Donabedian's model to analyse quality includes three factors: structure, process, and outcome[21,22]. Structure refers to prerequisites, such as hospital buildings, staff and equipment. Process describes how structure is put into practice, such as specific therapies. Outcome refers to results of processes, for instance, results of therapy.
A qualitative study of department managers and quality co-ordinators, conducted by two of the authors, was the first study, to our knowledge, that applied Donabedian's model to the context of quality systems, rather than to quality itself[4].
In this context, structure refers to available resources, such as time and money for working with quality improvement. It also refers to administration of quality systems, such as documentation of routines and staff support. Process describes quality improvement culture and co-operation within and between professions. Outcome refers to evaluation of goal achievement and development of competence related to quality improvement.
A study of the relationships between structure, process, and outcome could provide information that would benefit clinicians and other professionals, as well as department managers and health policy makers, when developing and working with quality improvement. To reveal such relationships, several aspects and systems would have to be analysed. However, most studies focus on few aspects or few systems[4]. Thus, studies with a broader approach are needed.
The objectives of this study were to analyse whether structure, process, and outcome can be used to describe quality systems, to analyse whether these components are related, and to discuss the implications of these relationships.
Methods
Model development
Donabedian has suggested that structure, process, and outcome may be related but that such relationships could be difficult to show[21,22]. A model with relationships between the structure, process, and outcome of quality systems was developed from the results of an interview study (Figure 1)[4]. The model states, for instance, that the more time and money for working with quality improvement (structure), the more positive attitude towards such work (process), and the more regular evaluation of quality related goal accomplishment (outcome).
The operationalisation of the model
The results from the interview study were used to develop a questionnaire with reflective measures of structure, process, and outcome (Appendix A). The questions have been divided under three headlines in the Appendix only to make it easier for the reader to navigate among them. However, the division into structure, process, and outcome was neither mentioned in the sent out questionnaire nor apparent in the numbering of the questions.
The questionnaire was piloted on informants from the interview study and their responses corresponded well to their interview answers as well as to the developed model. Thus, the pilot questionnaire appeared valid and reliable.
The data obtained from the questionnaire
A simple random sample of 600 out of 1757 hospital departments in Sweden was provided[23]. The questionnaires were addressed to the head of the respective department, with an option to delegate the task to a quality co-ordinator to increase the response rate if possible. These two groups were chosen since they were thought to possess a more detailed knowledge of quality systems.
Two reminders and a non-responder questionnaire were sent when necessary. The questionnaires were coded, entered, and checked by one of the authors (STK).
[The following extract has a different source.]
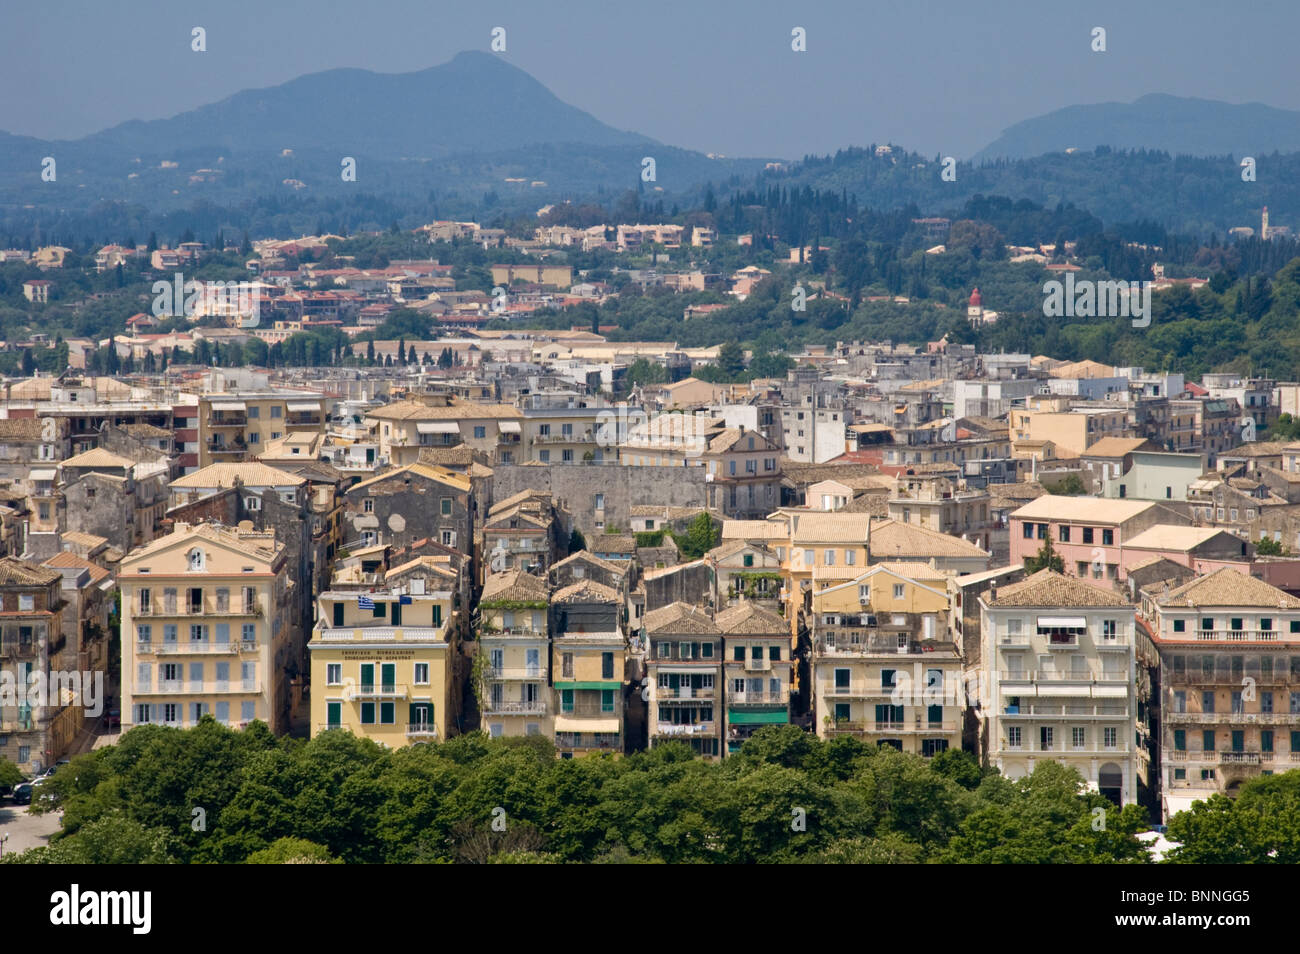 Corfu Old Town View over traditional style Venetian buildings in old Corfu Town on the Greek island of Corfu Greece GR Stock Photo

Out of the 600 departments, 82 should not have been included in the sample since they were either closed down or associated with larger departments. Thus, responses were expected only from a maximum of 518 departments (Table 1).
Table 1.
Frequency | Percent | |
Sampled departments: | 600 | 100 |
Valid departments | 518 | 86 |
Closed down departments | 52 | 9 |
Subordinate departments | 30 | 5 |
Responding clinics: | 386 | 64 |
Immediate response | 261 | 44 |
First reminder | 79 | 13 |
Second reminder | 46 | 8 |
Non-responding departments: | 132 | 22 |
Reason: Time | 33 | 6 |
Reason: Relevancy | 5 | 1 |
Reason: Other, or not stated | 25 | 4 |
No contact | 69 | 12 |
In total, 386 valid responses were obtained. The adjusted response rate, 386 out of 518, was 75%.
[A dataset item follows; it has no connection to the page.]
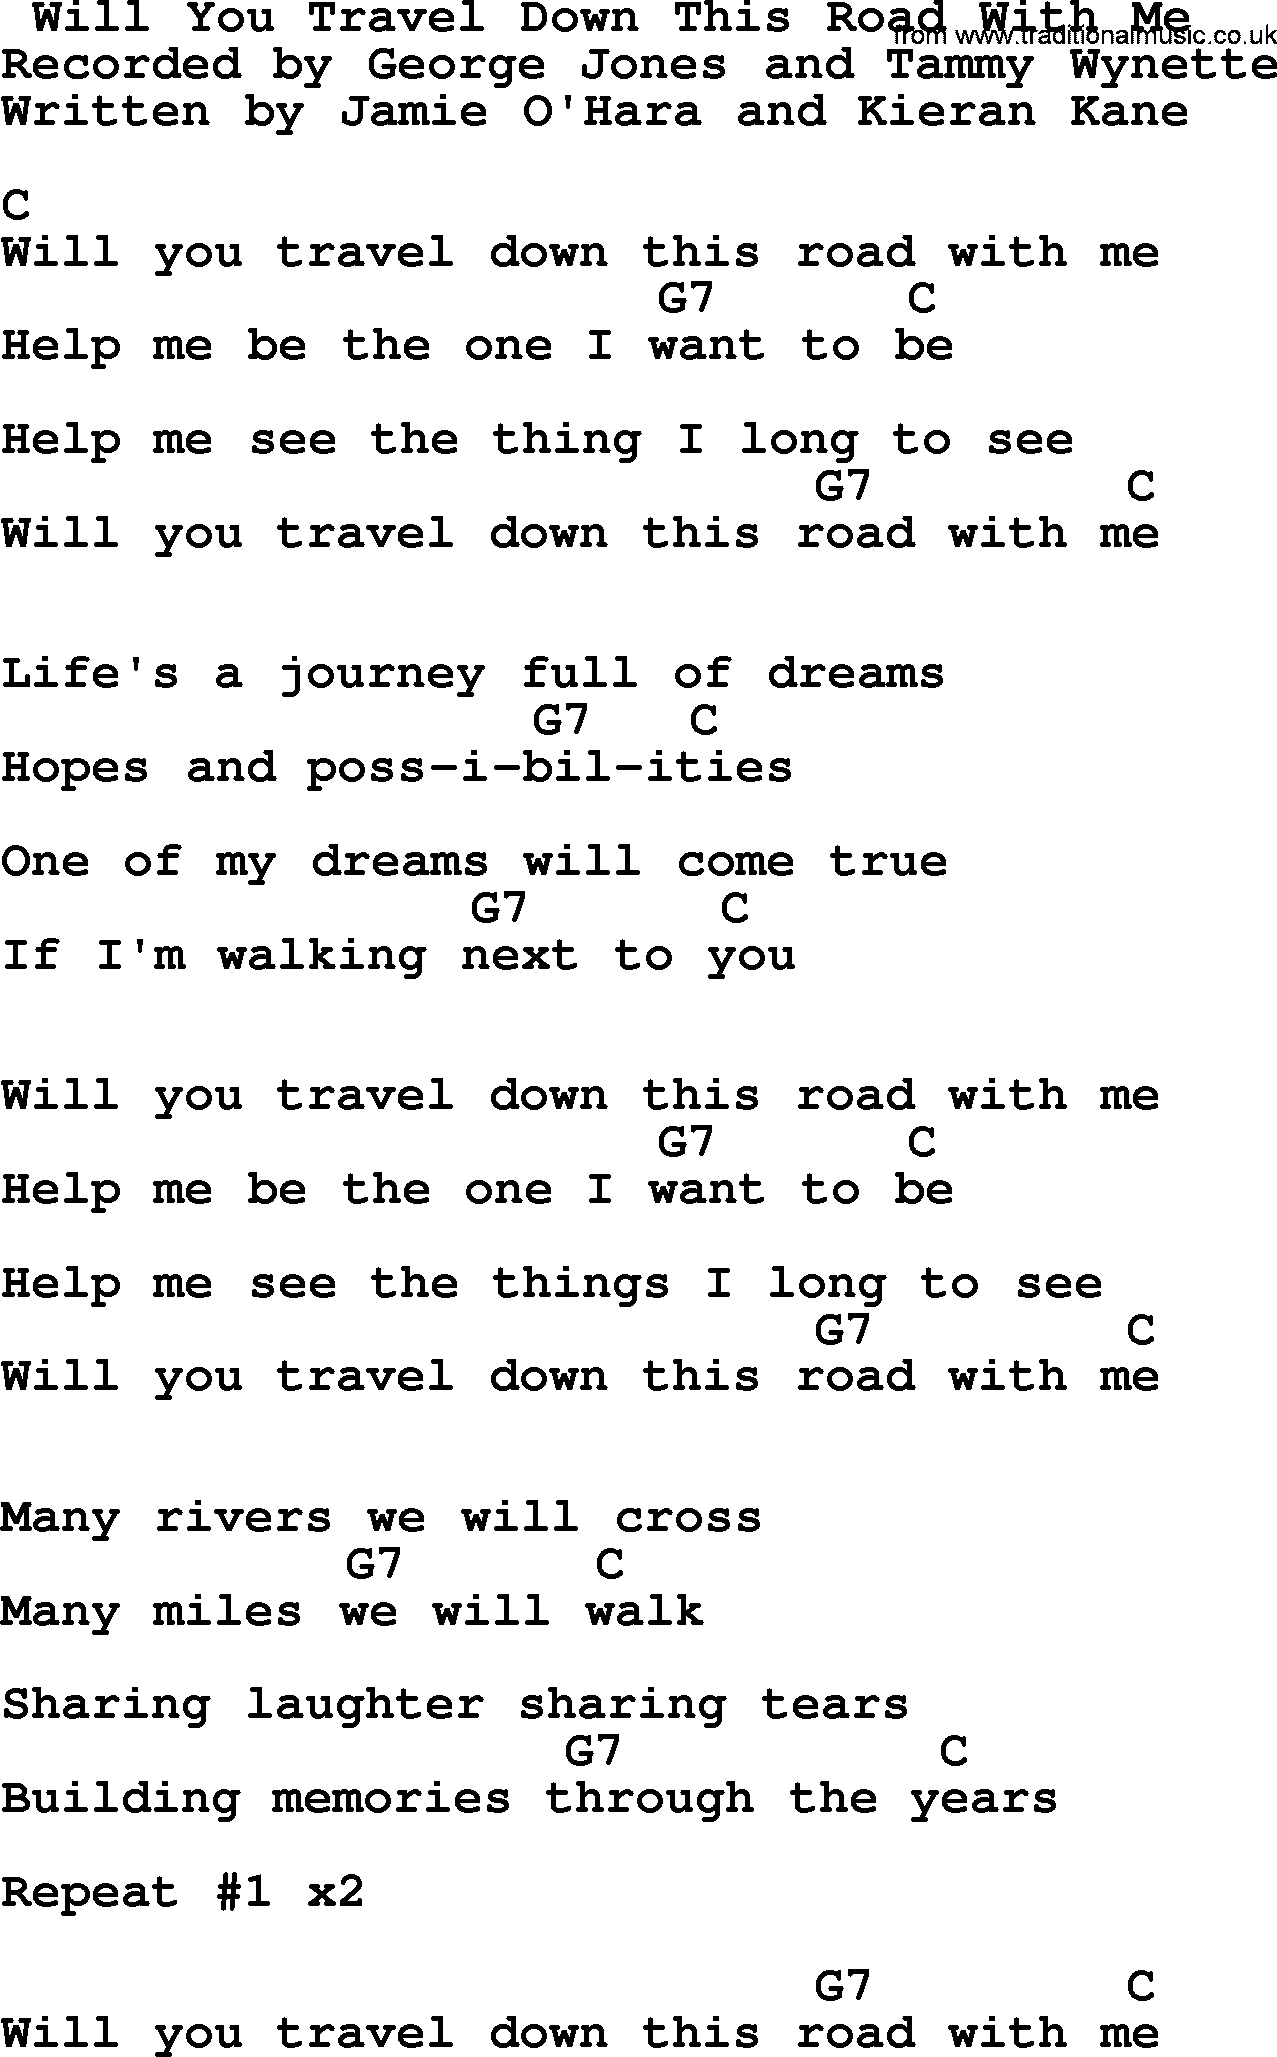 George Jones song: Will You Travel Down This Road With Me, lyrics and chords

The analyses of non-responding departments
Out of the non-responding 132 departments, 63 stated a reason for not responding to the main questionnaire. The most common stated reason was lack of time (Table 1). However, there were no significant differences between responding and non-responding departments in size of hospital (p = 0.07) or speciality of department (p = 0.19).
Partially missing data accounted for only 0.5% of total data and were mostly limited to a single missing value per incomplete case. It has been shown that multiple imputations introduce least estimation bias compared with list-wise deletion[24]. Although it is unlikely that such a small amount of partially missing data would bias the results in any way, the multiple imputations procedure was performed in LISREL as recommended[25].
The analyses of variables
All variables but two (B2 and B3) had complete response ranges from 1–7 (Appendix B). The frequency distributions were somewhat negatively skewed: responses in the range of 5–7 were more common than in the range of 1–3.
The assessment of the model
The assessment of a model is a systematic procedure. Each step builds on the previous steps, using progressively more sophisticated statistical methods. This enables the researcher to test the structural model while assuring good validity and reliability[22,23]. The software programme LISREL 8.72 was used for the analyses.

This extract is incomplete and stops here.